According to one aspect of the invention, an ensemble classifier (“Eclass”) composed of “non-deep” machine learning algorithms providing a set of imaging biomarkers that quantify medically relevant features may be more accountable and more accurate than simply unleashing CNN on the raw images to choose salient features freely. Machine learning-based digital diagnosis for earlier detection is potentially valuable, particularly for high-risk, fast-growing melanomas where a 6-month diagnosis delay may allow growth of a melanoma from 0.052 to 0.120 mm in Breslow thickness, a metastasis risk, and pre-existing theoretical frameworks (e.g. dermoscopy) offer more appropriate machine learning applications in medical imaging because they can translate between machine intelligence and human intelligence.

Thus, in one aspect, the invention is a method of dermoscopic screening of a lesion, comprising the steps of: imaging a lesion on a subject's skin under a set of N illumination spectra to obtain a sequenced set of N images, each said image comprised of image data; wherein the set of N illumination spectra is hyperspectral; calculating at least one of a first type of biomarker and a second type of biomarker, wherein the first type of biomarker comprises M imaging biomarker values and is calculated by transforming said image data of said N images into said M imaging biomarker values; wherein the first type of imaging biomarker value varies as a function of the N illumination spectra; and wherein the second type of biomarker is calculated from all of said N illumination spectra at each pixel, so that said second type of biomarker has only one value for said N illumination spectra at each pixel; and applying a trained transformation algorithm to transform at least one of the first type of biomarker and the second type of biomarker into a classification indicating the likelihood that the lesion is a skin disease.

In embodiments, both the first type of biomarker and the second type of biomarker are calculated, and the trained transformation algorithm is applied to both the first and second types to obtain said classification.

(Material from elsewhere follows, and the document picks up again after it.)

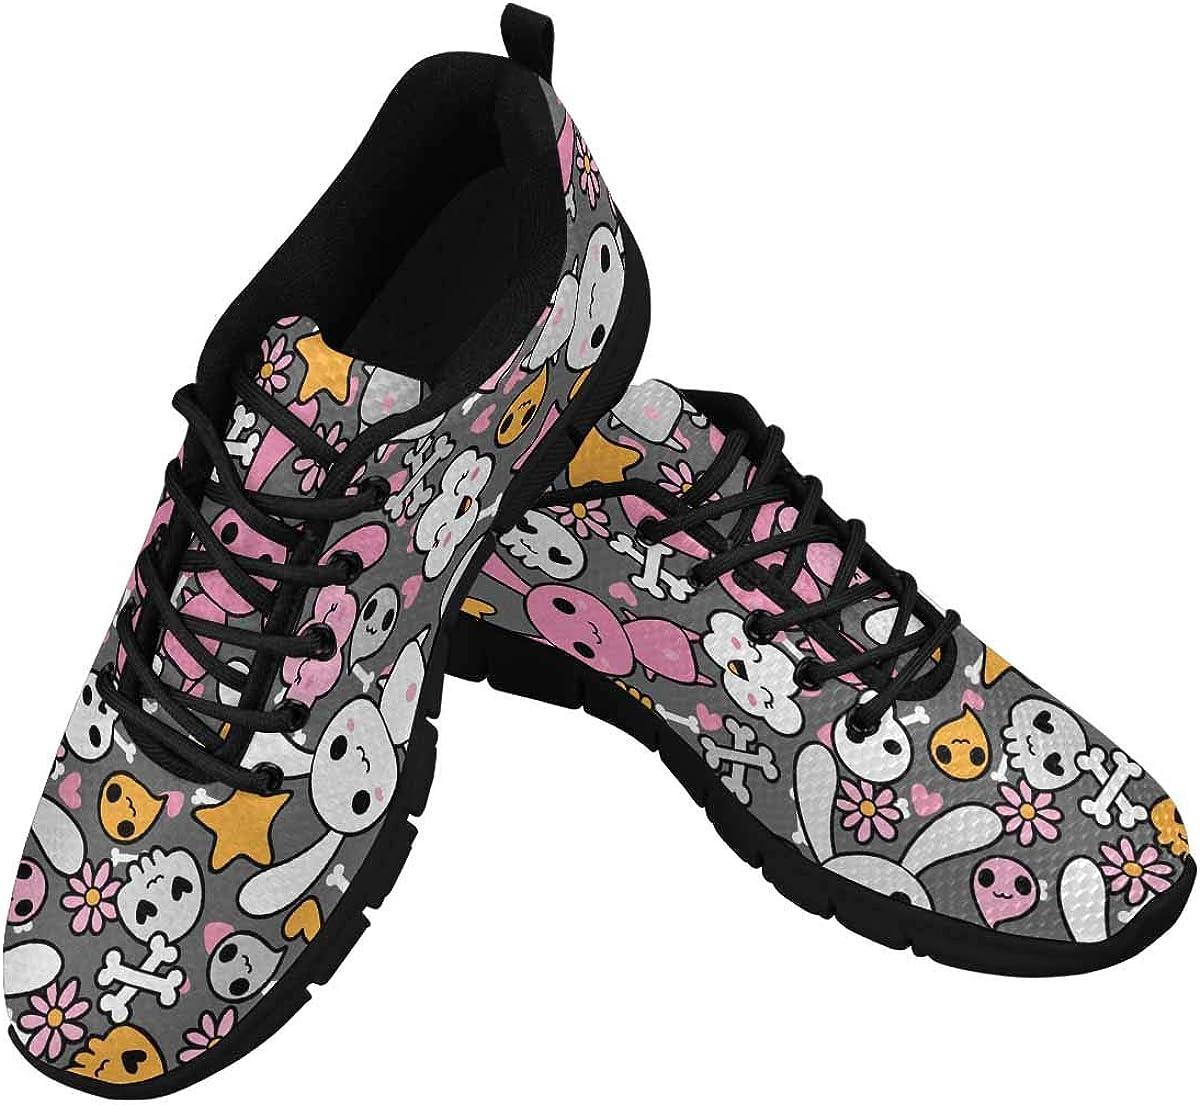 InterestPrint Cute Kawaii Pattern Pink Women's Breathable Comfort Mesh Fashion Sneakers

In embodiments, the trained transformation algorithm comprises one, some or preferably all of the following non-deep learning algorithms applied to said first and/or second type biomarkers to obtain said classification: (1) logistic regression; (2) feed-forward neural networks with a single hidden layer; (3) linear and support vector machines radial (SVM); (4) decision tree algorithm for classification problems; (5) Random Forests; (6) linear discriminant analysis (LDA); (7) K-nearest neighbors algorithm (KNN); and (8) Naive Bayes algorithm. As described below, these “non-deep” machine learning “Eclass” transformation algorithms may be used instead of deep learning algorithms such as convolutional neural network (CNN). As broadly understood, however, “transformation algorithm” may include both types, Eclass and “deep learning” algorithms.

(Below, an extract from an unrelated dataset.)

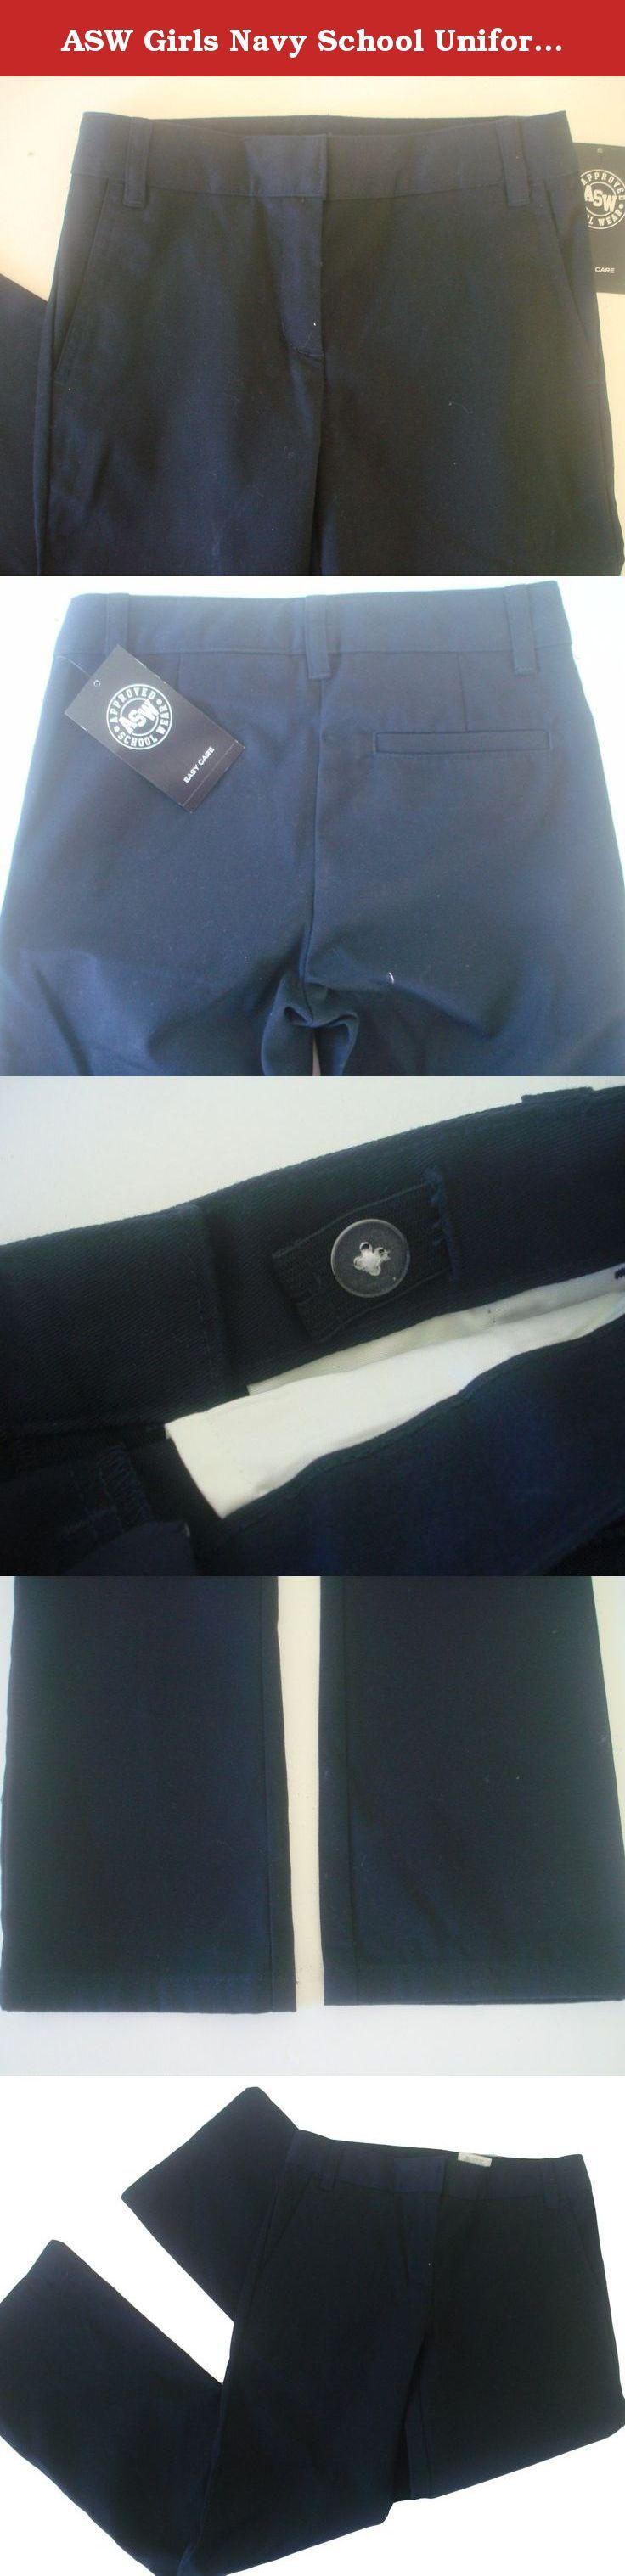 ASW Girls Navy School Uniform Pants Size 14.

In embodiments of the invention, a second type of biomarker includes blood volume fraction (BVF) and oxygen saturation (O2-Sat) to evaluate the metabolic state of tissue in the lesion.

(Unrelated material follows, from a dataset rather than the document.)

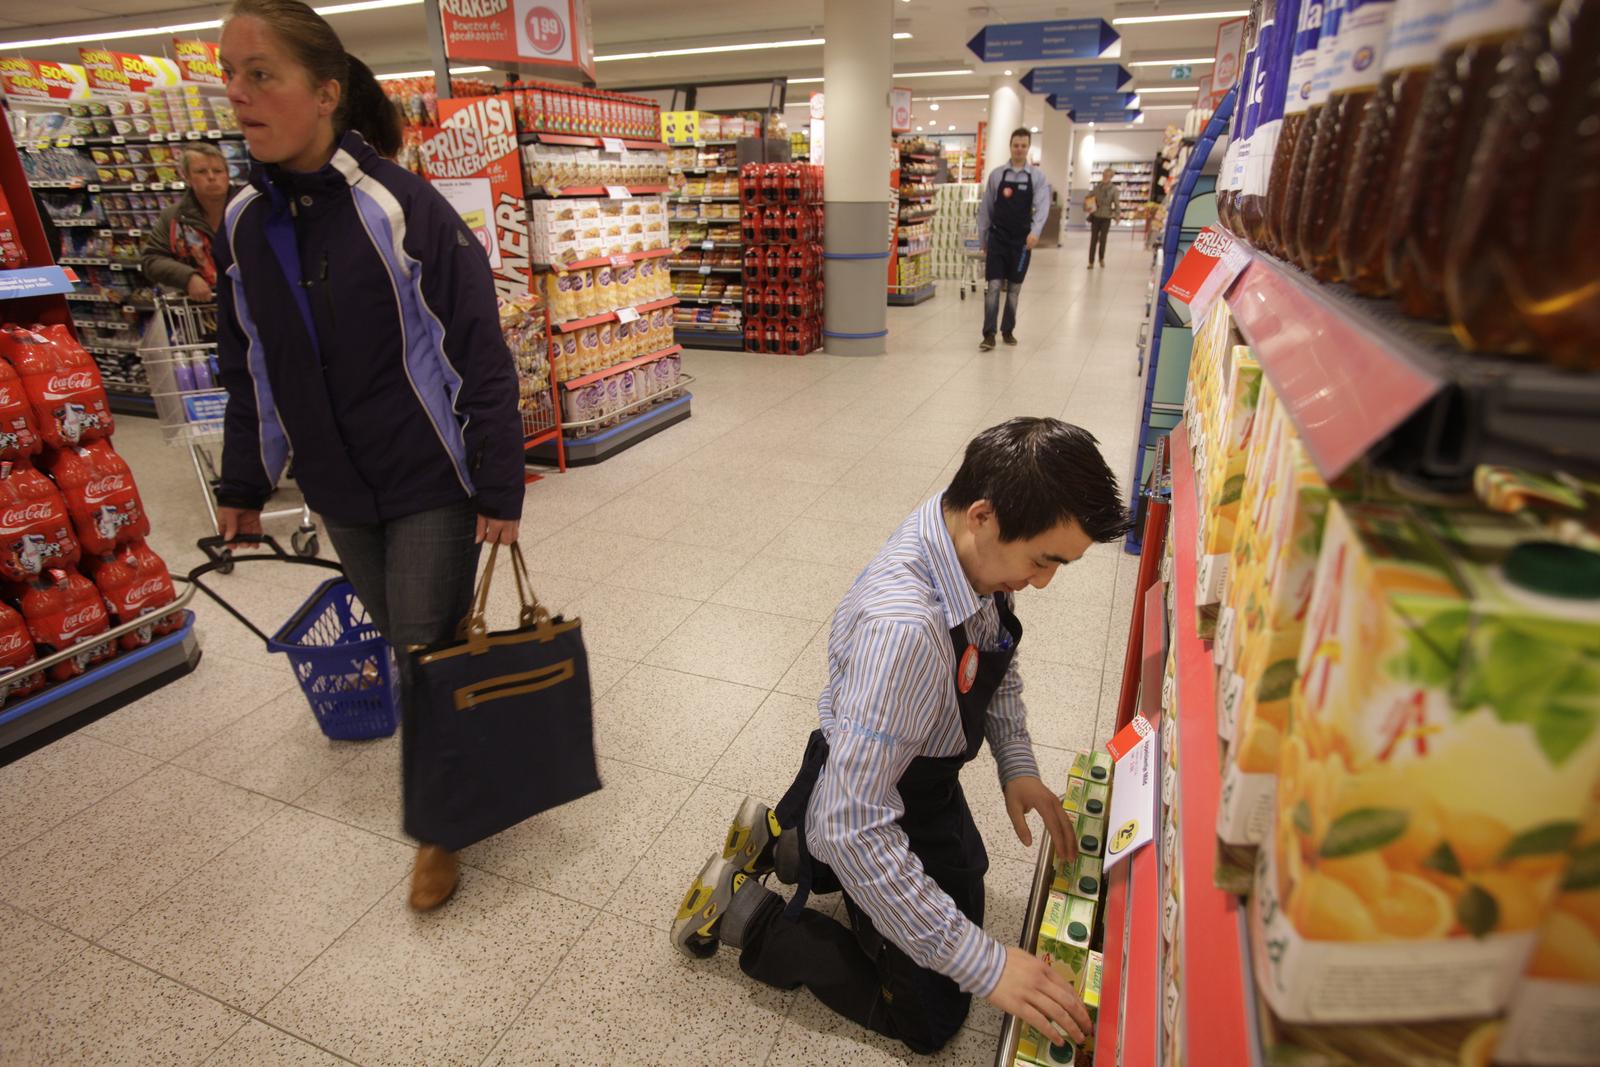 VVD wil werklozen als vakkenvullers

In embodiments, a center frequency of a first spectrum of said set of N illumination spectra is separated from a center frequency of an adjacent second spectrum by approximately a half-power bandwidth of said first spectrum, such that when the N illumination spectra are normalized to have an area of unity, the first spectrum and the second spectrum intersect at respective half-power points, as described below.

In embodiments, the spectra of the individual LEDs in the system may be selected by selecting each of the N illumination spectra by dividing an entire wavelength range of said spectra into wavelength segments each approximately equal to a half-power bandwidth of one of said illumination spectra, and using an illumination source emitting at a wavelength in said segment.

In another aspect, embodiments of the invention include an apparatus for imaging and analysis of a lesion on a subject's skin, comprising: an illumination system controlled by a processor to sequentially illuminate a lesion on a subject's skin with N illumination spectra; a camera controlled by a processor to obtain a sequenced set of N images of said lesion in said N illumination spectra. A processor (which may be in a housing onboard the camera) is adapted to transform image data of said N images into M imaging biomarker values and a second processor (which may be remote from the camera) is adapted to apply a trained transformation algorithm to transform said M imaging biomarker values into a classification indicating the likelihood that the lesion is skin disease, such as melanoma

In embodiments, the illumination system comprises a set of LEDs for each of said N illumination spectra, said LEDs emitting wavelengths in a range of 350 nm to 950 nm. The LEDs may be arranged such that a center frequency of a first spectrum of said set of N illumination spectra is separated from a center frequency of an adjacent second spectrum by approximately a half-power bandwidth of said first spectrum, such that when the N illumination spectra are normalized to have an area of unity, the first spectrum and the second spectrum intersect at respective half-power points.

In embodiments, the apparatus comprises a housing, wherein the housing attaches, in a self-contained unit, a transparent flat surface to position against a lesion to define a distal imaging plane, a lens, a camera, a motor, gearing; and a camera processor controlling the camera and the motor to obtain said N images. The housing may also include, in the same self-contained unit, a first processor adapted to transform the N sequenced images into M biomarkers data and encrypt and transmit said M biomarkers data. Alternatively, or complementarily, the first processor may be configured to obtain a second type of biomarker calculated from all of said N illumination spectra at each pixel, so that said second type of biomarker has only one value for said N illumination spectra at each pixel.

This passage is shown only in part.